I've gotten a Vizsla for the main purposes of finding a hiking dog that won't tire on me so waiting through the puppy stages is hard! From the hiking standpoint, 10km is maybe doable through a day (with many breaks) on flat land but no way on mountain terrain. Whiskey is 4 months and we can do 5km on a mountain trail with a break along the way. She tires out towards the end (slowing down but not sitting). Of course, she's running up and down off-leash and covers at least twice the distance. She's also too excited and young to get her to calm down and "rest", so planned breaks don't seem to help us increase distance yet. I'd vote for the dog hotel!


----------



## donwe (Jun 10, 2014)

Wow,

thank you guys for replies. 
Received lots of useful information and advises. Knowing you are experienced vizlas' owners, I made final decision - puppy stays at the hotel for 1-2 days. If somehow it is not going to be available, I will stay somewhere in a nice place with my puppy while others go on a hike. 
We live in Sweden, in a really rocky area, he goes 2x1h a day off-leash in a woods. Lots of climbing up and down and he is ok, still have some energy to play when back home or to play with other dog's in a park. However, when he was 4month old we had 5-6 km slow hike (with 4 year old girl, so you could imagine the pace). And afterwards he slept 4 hours in a tent and then after spending some time with us he slept all night long (11 hours). So he was tired.
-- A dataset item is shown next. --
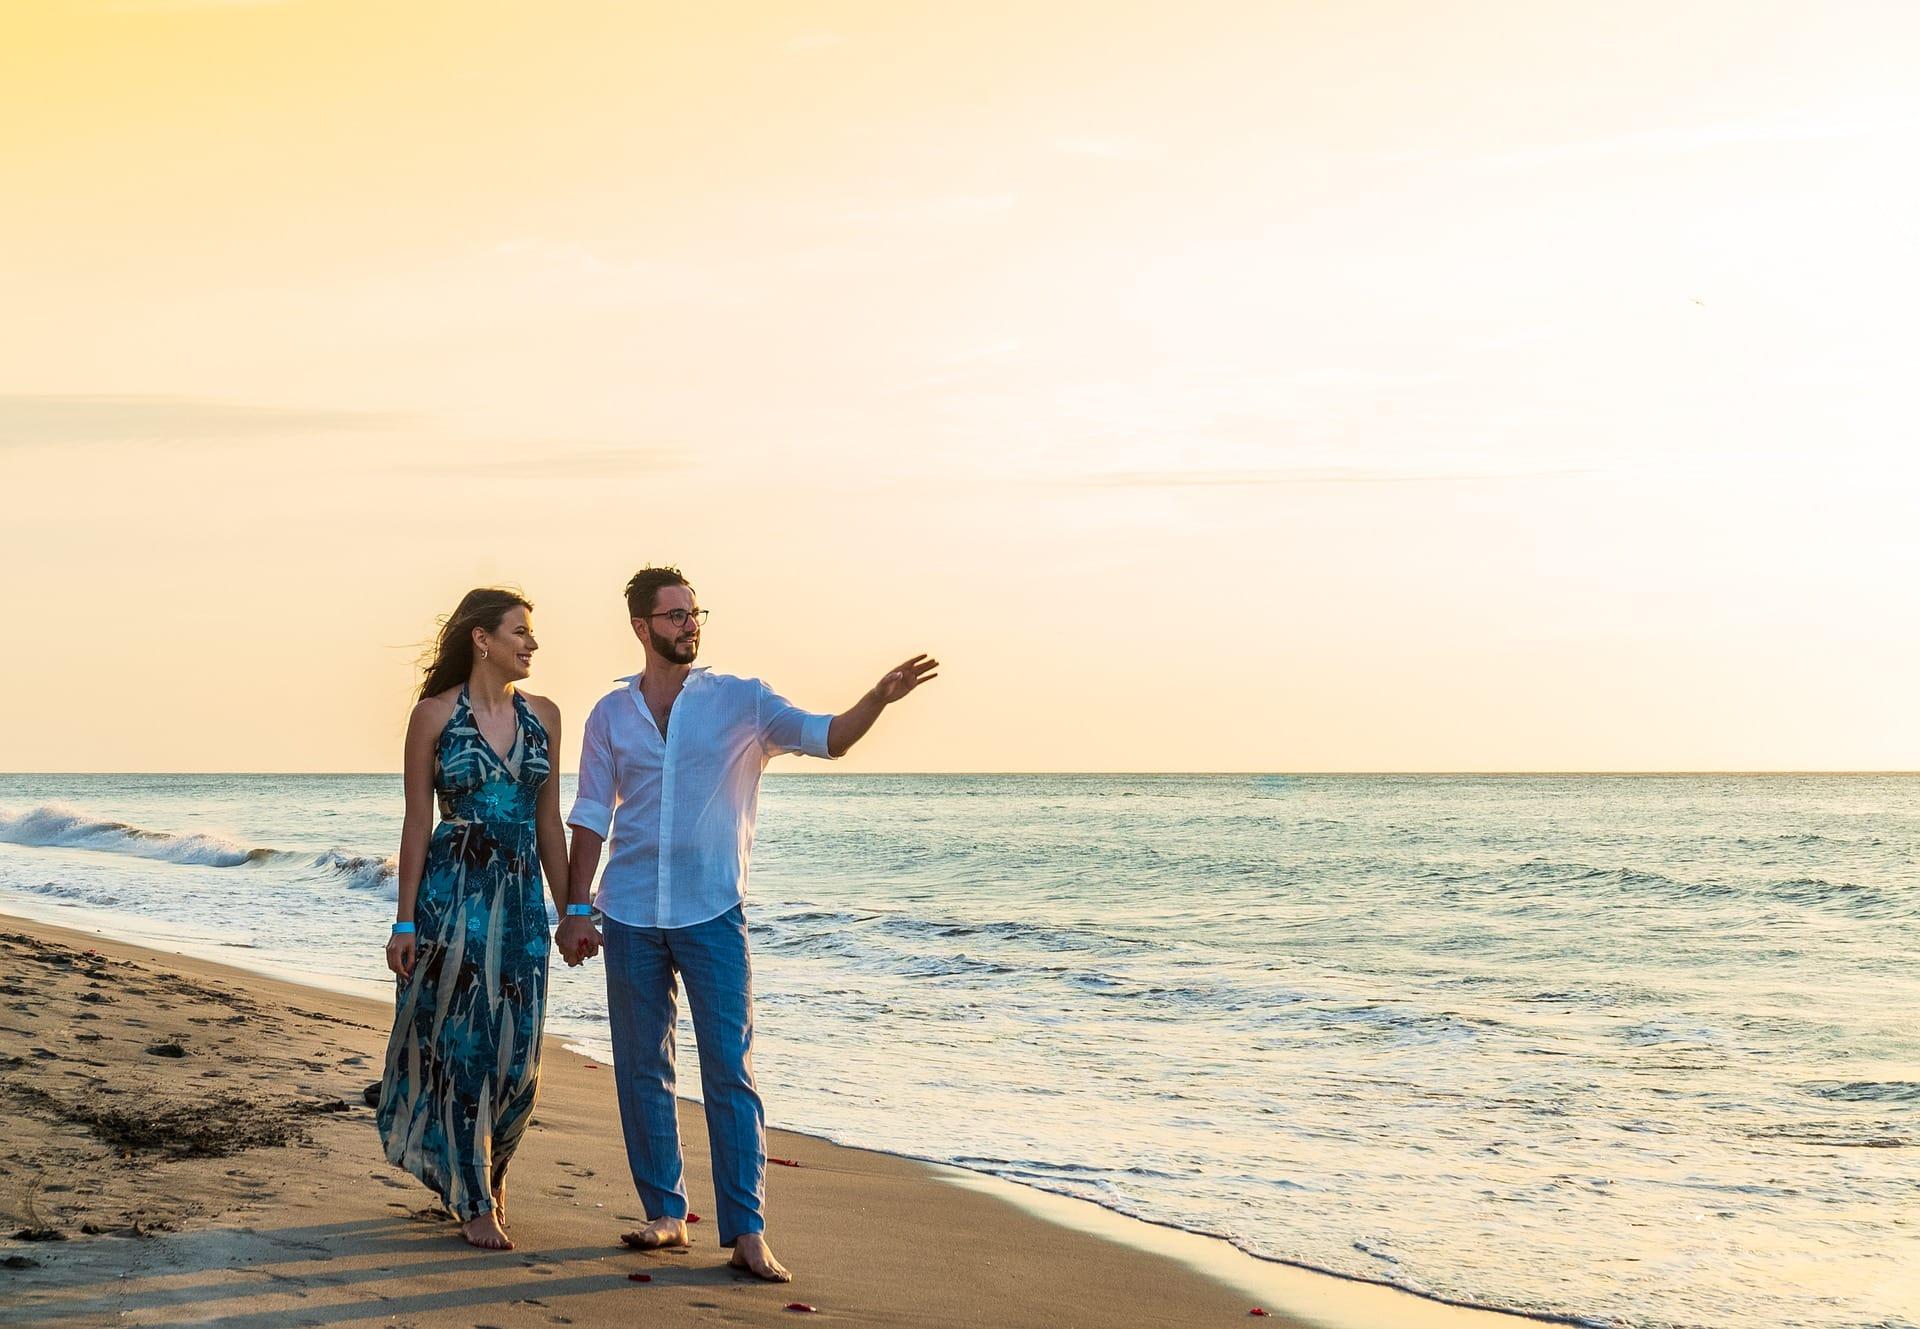 Важнее для отношений создать здоровую и гармоничную атмосферу в браке

We want to have healthy vizsla, a great companion for future hikes and a friend for morning jogging, but I realize 100 % that I have to be patience and I will be. Thank you so much again. What a wonderful, friendly people are vizlas' owners


----------



## CatK (May 29, 2013)

Have an amazing holiday, it looks incredible! Me and my partner constantly battled on this one, and you've chosen the course I would have. When he was 5 months mine tired quickly running up and down hills likes a nutter, and occasionally when the OH won in these arguments, he paid the price carrying a surprisingly heavy puppy for miles!

Have a brilliant time.


----------